2.4. Mede naar aanleiding van de stellingname van vergunninghoudster ter zitting wijst de rechtbank eisers er volledigheidshalve nog op dat zelfs als de rechtbank dit beroep van eisers I gegrond had geacht onder vernietiging van bestreden besluit I, dit eisers uiteindelijk niets zou hebben opgeleverd. Inmiddels is immers sprake van een onherroepelijk nieuw bestemmingsplan dat onbetwist niet aan realisatie van de vergunde plannen van vergunninghoudster in de weg staat.

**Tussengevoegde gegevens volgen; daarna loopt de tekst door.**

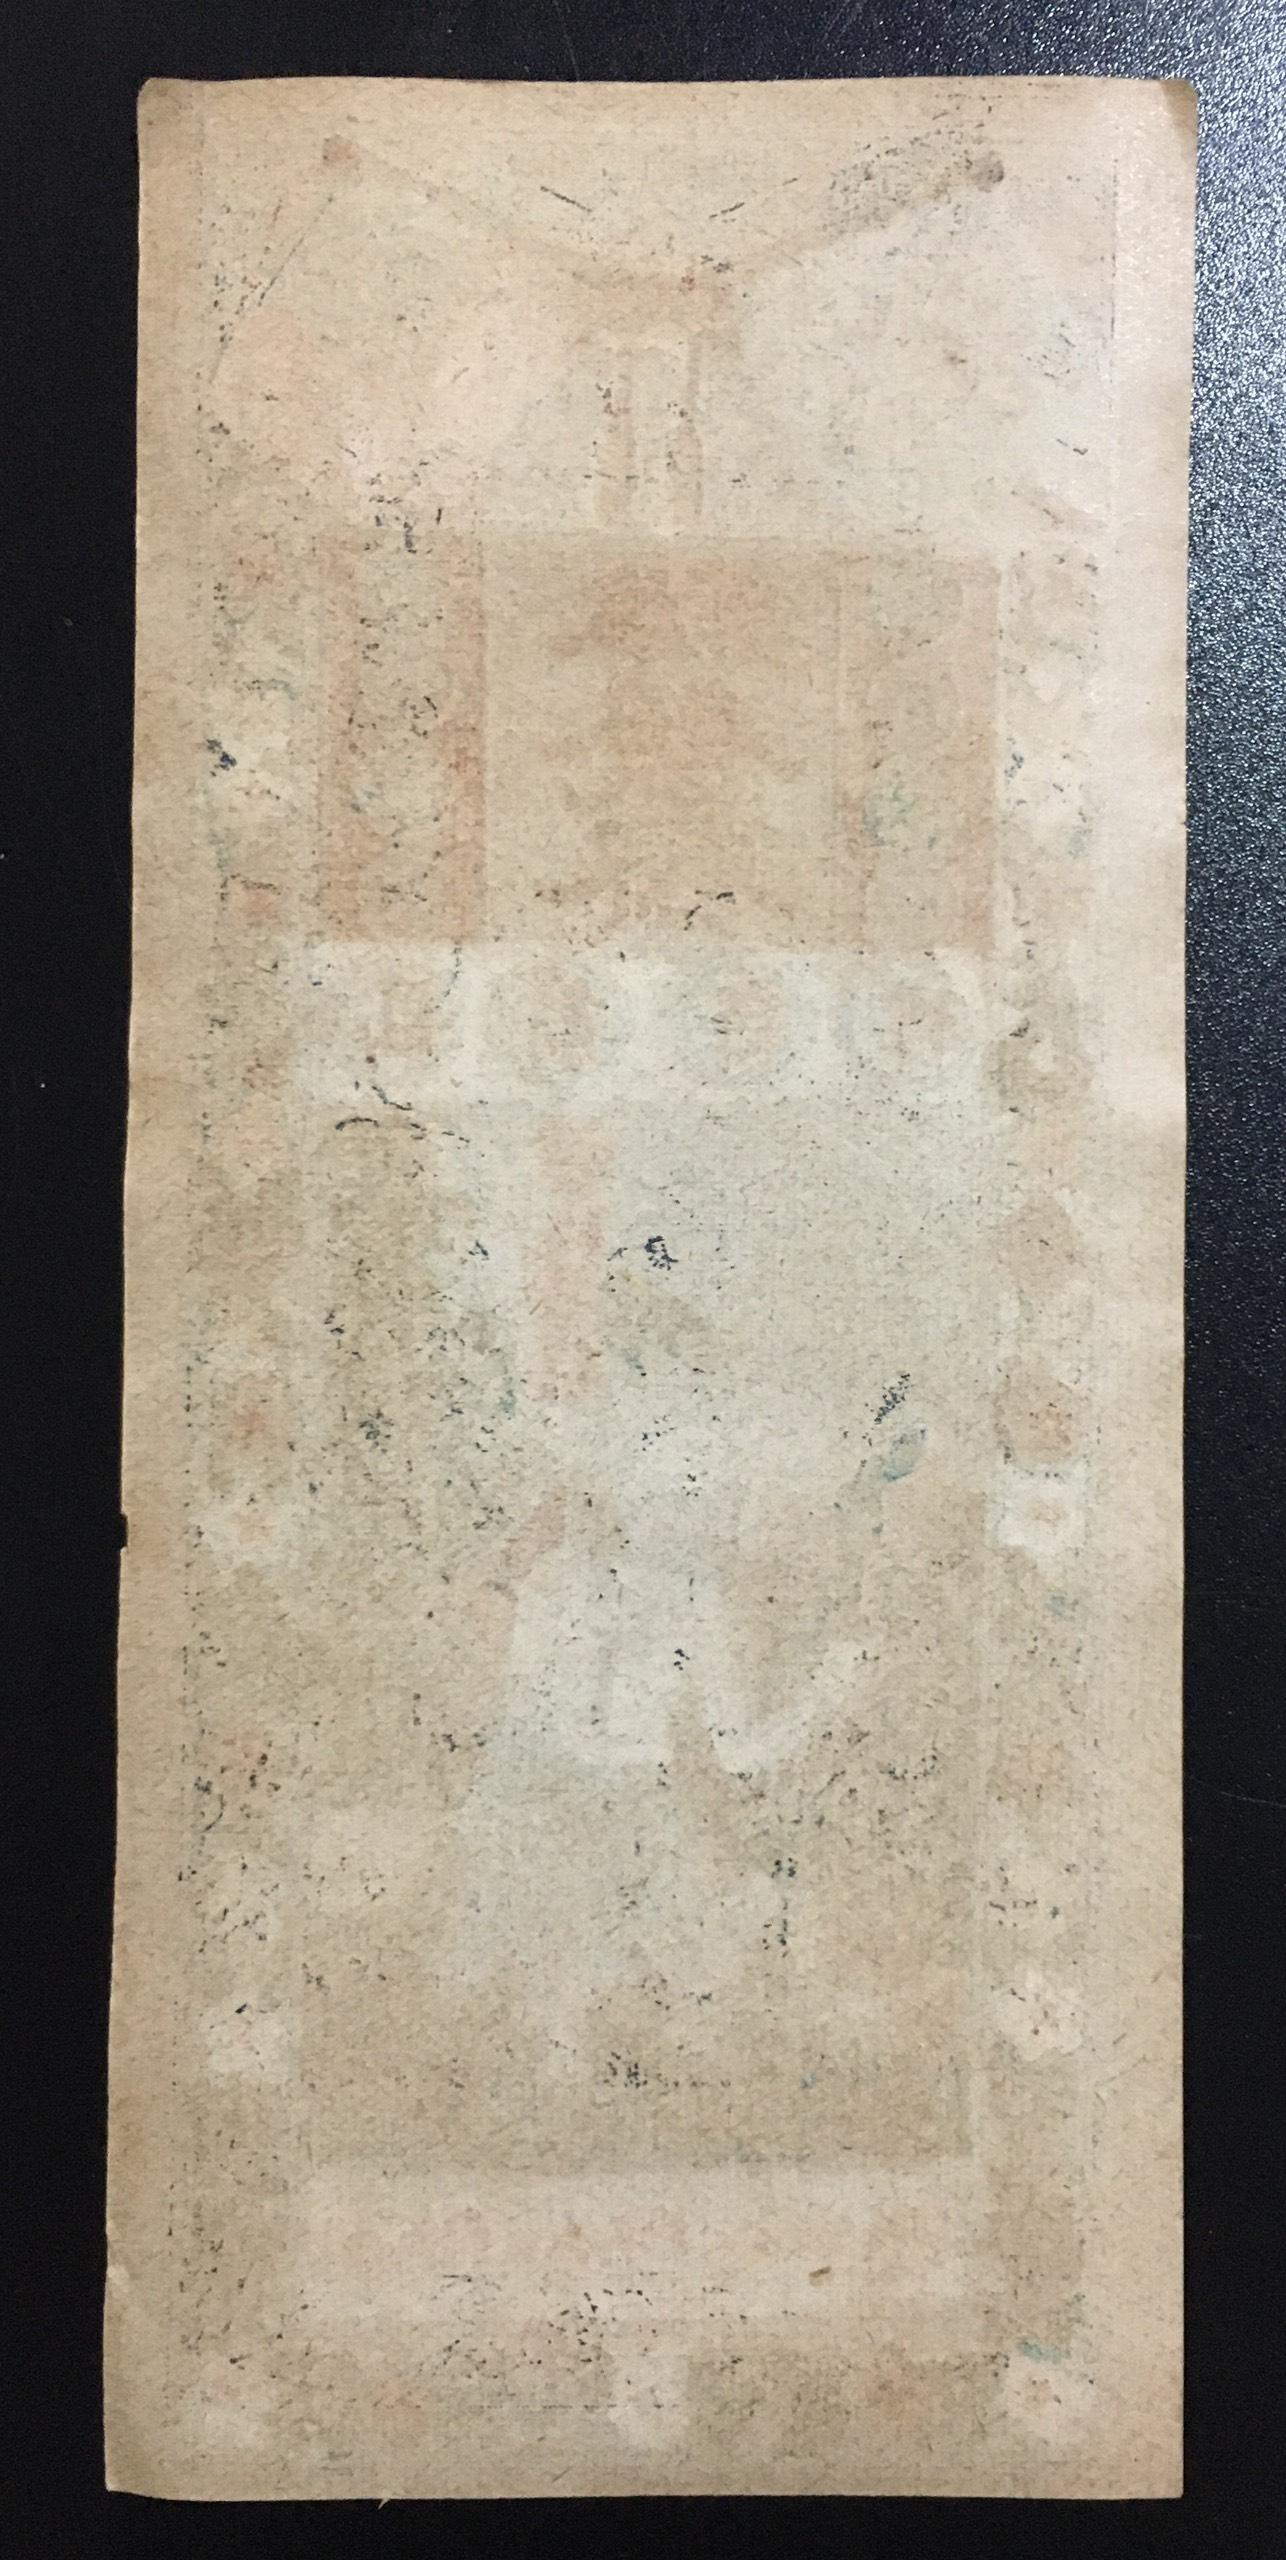 Giấy Quảng Cáo Sản Phẩm Trà Thời Đông Dương, Việt Nam [Giấy tờ thời xưa]

Ten aanzien van het beroep onder nummer AWB 10/2415 VEROR
2.5. Met vergunninghoudster en verweerder II is de rechtbank van oordeel dat het bestreden besluit II door de verleende nieuwe exploitatievergunning van 17 juni 2011 geheel achterhaald is. Nu gesteld noch gebleken is dat eisers II anderszins nog enig belang hebben bij een inhoudelijk oordeel over het bestreden besluit II, zal de rechtbank het beroep van eisers II tegen dit besluit niet-ontvankelijk verklaren.
Ten aanzien van beide beroepen
2.6. De rechtbank ziet geen aanleiding voor een proceskostenveroordeling dan wel de bepaling dat het griffierecht moet worden vergoed.
Waarvan proces-verbaal,
de griffier de voorzitter
Rechtsmiddel
Tegen deze uitspraak kan binnen zes weken na de dag van verzending daarvan hoger beroep worden ingesteld bij de Afdeling bestuursrechtspraak van de Raad van State.